If someone takes that code and pokes around on it with a free tier copilot account, GitHub will just absorb it into their model - even if it’s explicitly against that code’s license to do so?

[−] liquid_thyme 51d ago
They use data from the poor student tier, but arguably, large corporates and businesses hiring talented devs are going to create higher quality training data. Just looking at it logically, not that I like any of this...
[−] cebert 51d ago
I wish GitHub would focus on making their service reliable instead of Copilot and opting folks into their data being stolen for training.
[−] kevcampb 48d ago
This is terrifying. Github was the one provider I did not expect to make such an action. We're now playing whack-a-mole with vendors to try and ensure that our company IP doesn't end up being used to train a model.
[−] etothet 51d ago
The fact that this is on by default, especially for paid accounts and even more especially for organizations, where certain types of privacy is sometimes mandated by the industry your business is in, is ridiculous.

There should also be a much easier one-click to opt out without having to scroll way down on the settings page.

[−] thesmart 51d ago
I'm ready to abandon Github. Enschitification of the world's source infrastructure is just a matter of time.
[−] robeym 49d ago
There are several settings in my account relating to Copilot that are locked/enabled with a shield and key icon next to it. Any idea how to disable these settings? It's on the same settings/copilot/features page.
[−] jmhammond 51d ago
Mine was defaulted to disabled. I’m on the Education pro plan (academic), so maybe that’s different than personal?
[−] ncr100 51d ago
On my Android phone I was able to change the setting using Firefox by logging into GitHub and not allowing it to launch the GitHub app.

I was unable to change the setting when I used the GitHub app to open up the web page in a container.. button clicks weren't working. Quite frustrating.

[−] greatgib 50d ago
And something important, that is leaking from the phrasing of their blog post, is that it is not really "Github" that wants to suck all your data "prompts, code, context, documents", ... but it is "Microsoft"!
[−] phendrenad2 51d ago
So I do all the work of thinking about how to do something, and as soon as I tell Copilot about it, not it's in the training data and anyone can ask the LLM and it'll tell them the solution I came up with? Great. I'm going to cancel.
[−] sbinnee 51d ago
Bold move. Who uses Copilot these days? Unless they have free credit I mean.
[−] rvz 51d ago

> From April 24 onward, interaction data—specifically inputs, outputs, code snippets, and associated context—from Copilot Free, Pro, and Pro+ users will be used to train and improve our AI models unless they opt out.

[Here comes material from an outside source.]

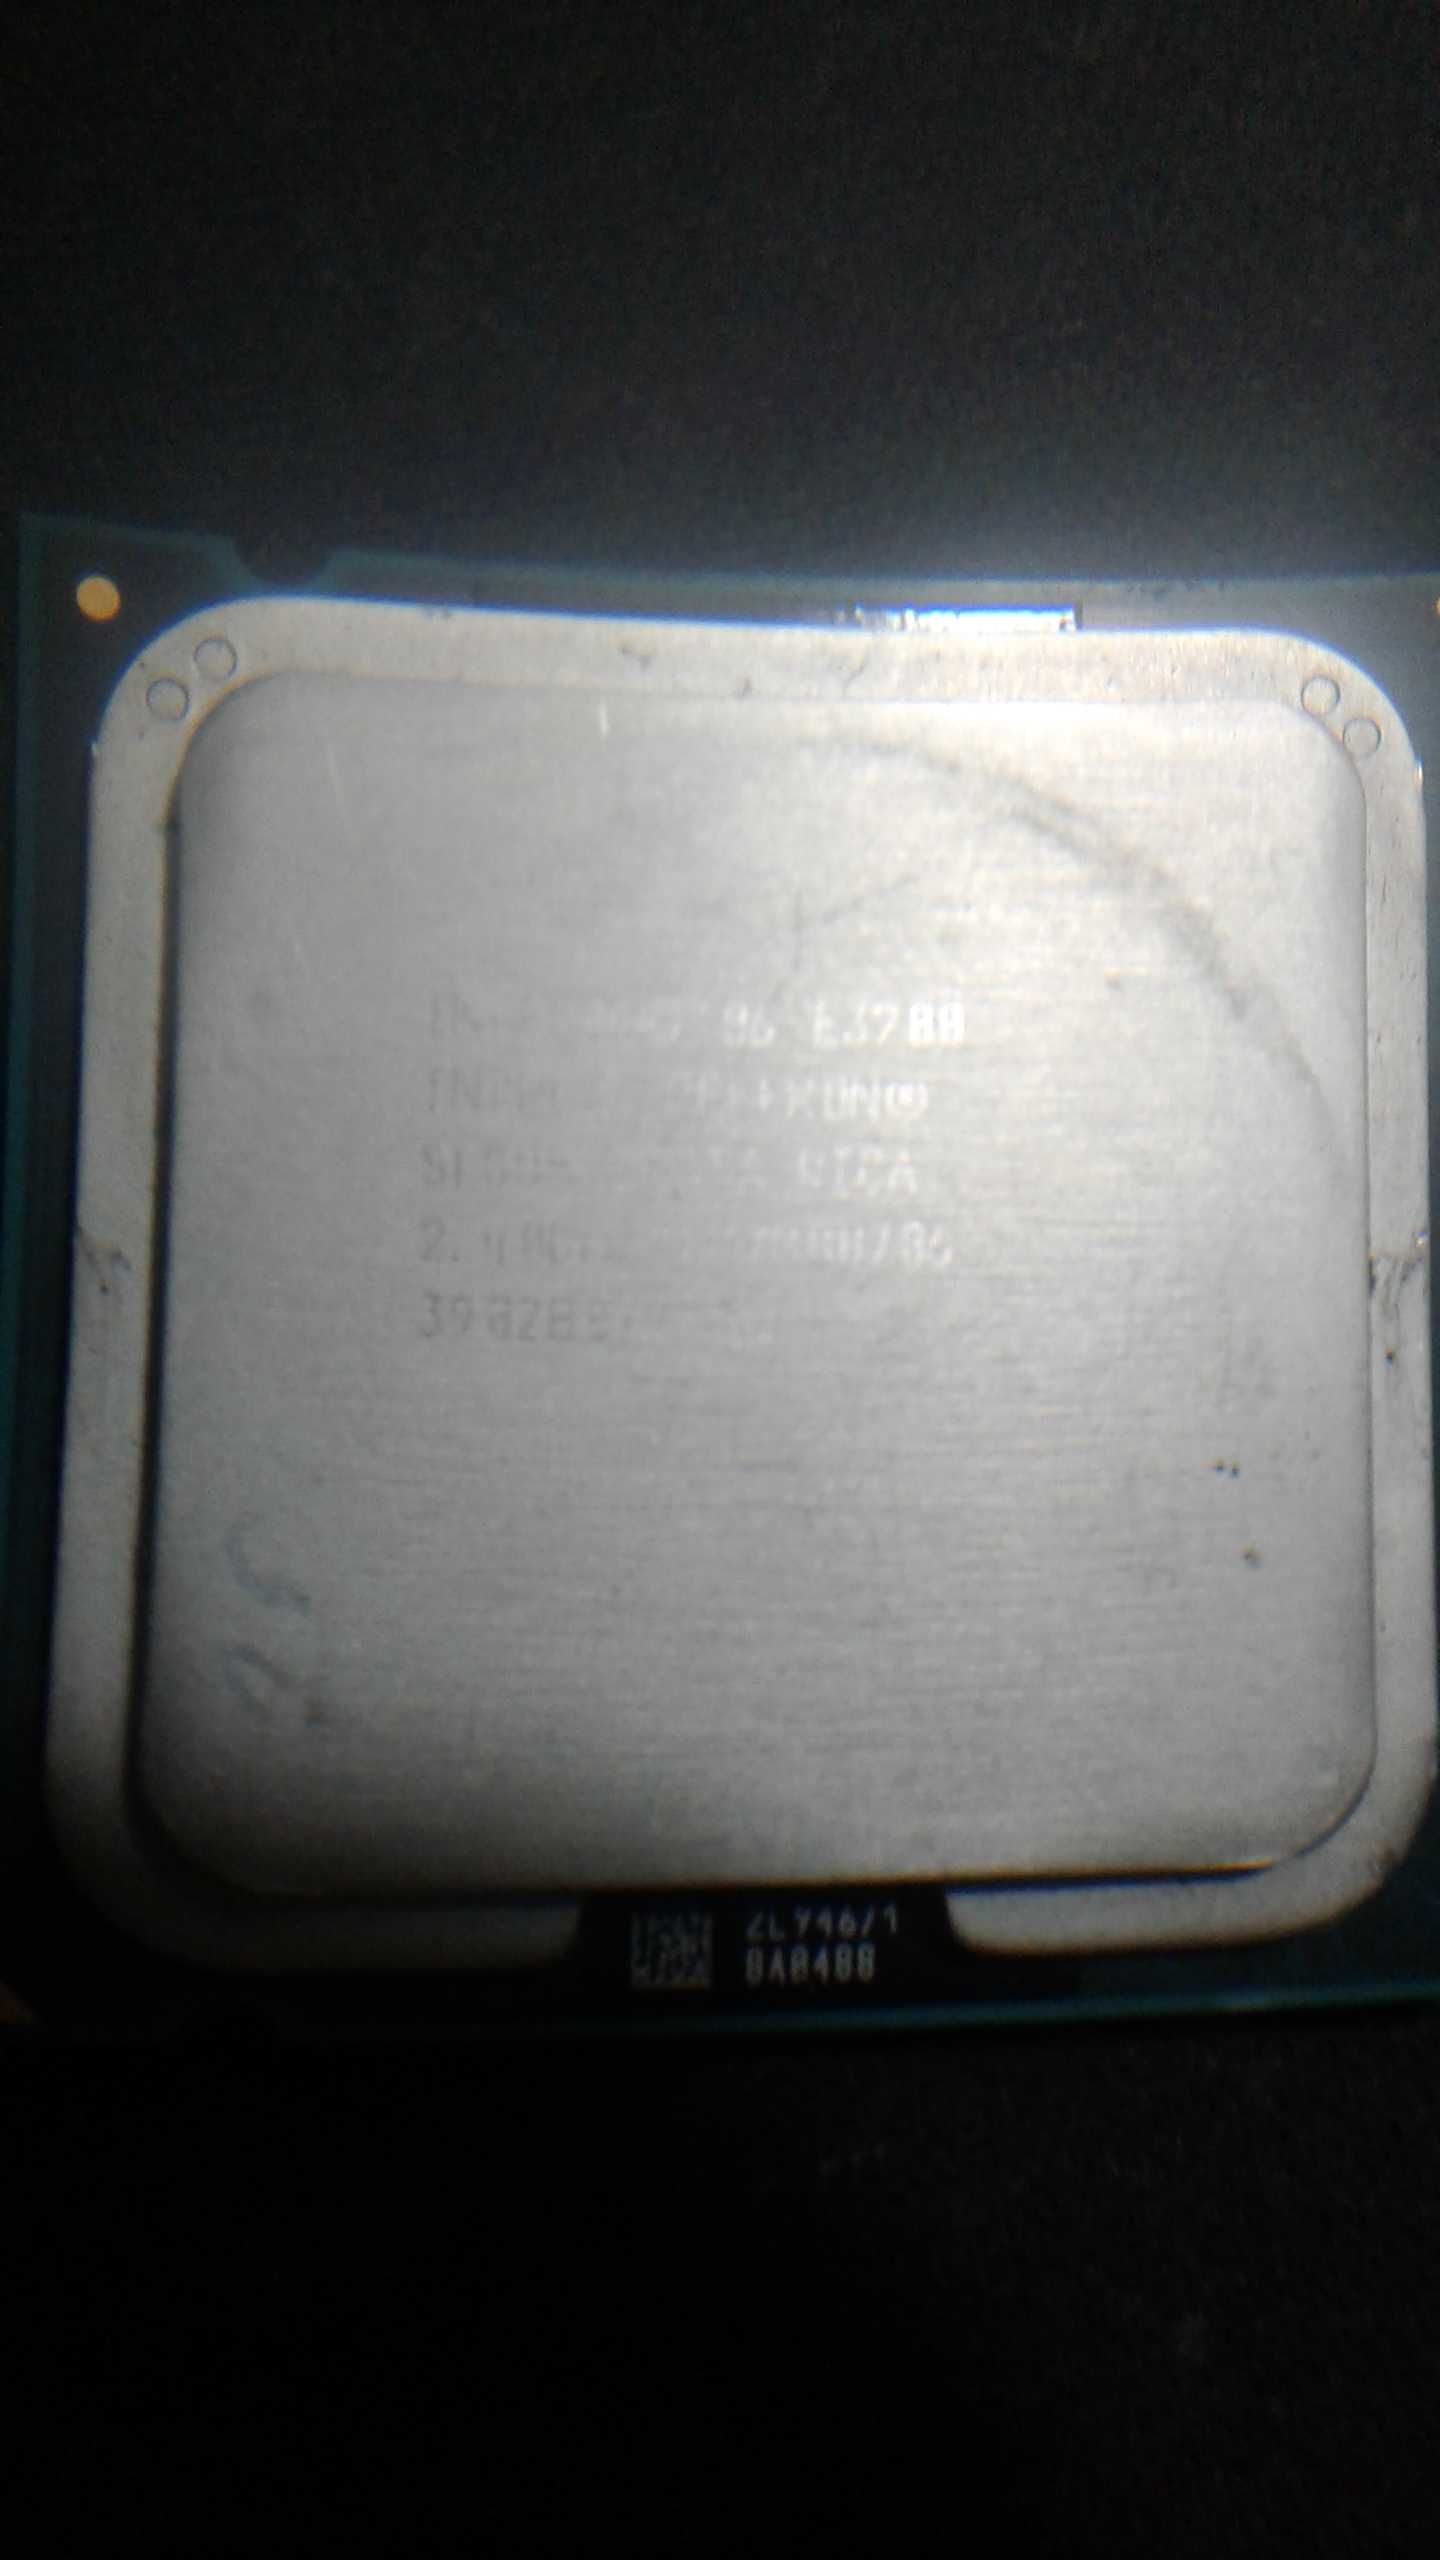 Процессоры Celeron 1.80 GHz. Pentium 1.6 ghz. 775 Сокет

Now is the time to run off of GitHub and consider Codeberg or self hosting like I said before. [0]

[0] https://news.ycombinator.com/item?id=22867803

[−] Heliodex 51d ago
Finally. The option for me to enable Copilot data sharing has been locked as disabled for some time, so until now I couldn't even enable it if I wanted to.
[−] indigodaddy 51d ago
Checked and mine was already on disabled. Don't remember if I previously toggled it or not..
[−] dartf 49d ago
I don't see an option to opt-out? Is it US only thing?
[−] djmashko2 51d ago

> Content from your issues, discussions, or private repositories at rest. We use the phrase “at rest” deliberately because Copilot does process code from private repositories when you are actively using Copilot. This interaction data is required to run the service and could be used for model training unless you opt out.

Sounds like it's even likely to train on content from private repositories. This feels like a bit of an overstep to me.

[−] mt42or 51d ago
Is it legal ? Surely not in any EU countries.
[−] marak830 51d ago
As it's enabled by default, does that mean everything has already been siphoned off and now I'm just closing the gate behind the animals escaping?

Shit like this shouldn't be allowed.

[−] explodes 51d ago
We all knew Microsoft was going to destroy GitHub eventually when it was first bought.

How much longer do you want to tolerate the enshittification? How much longer CAN you tolerate it?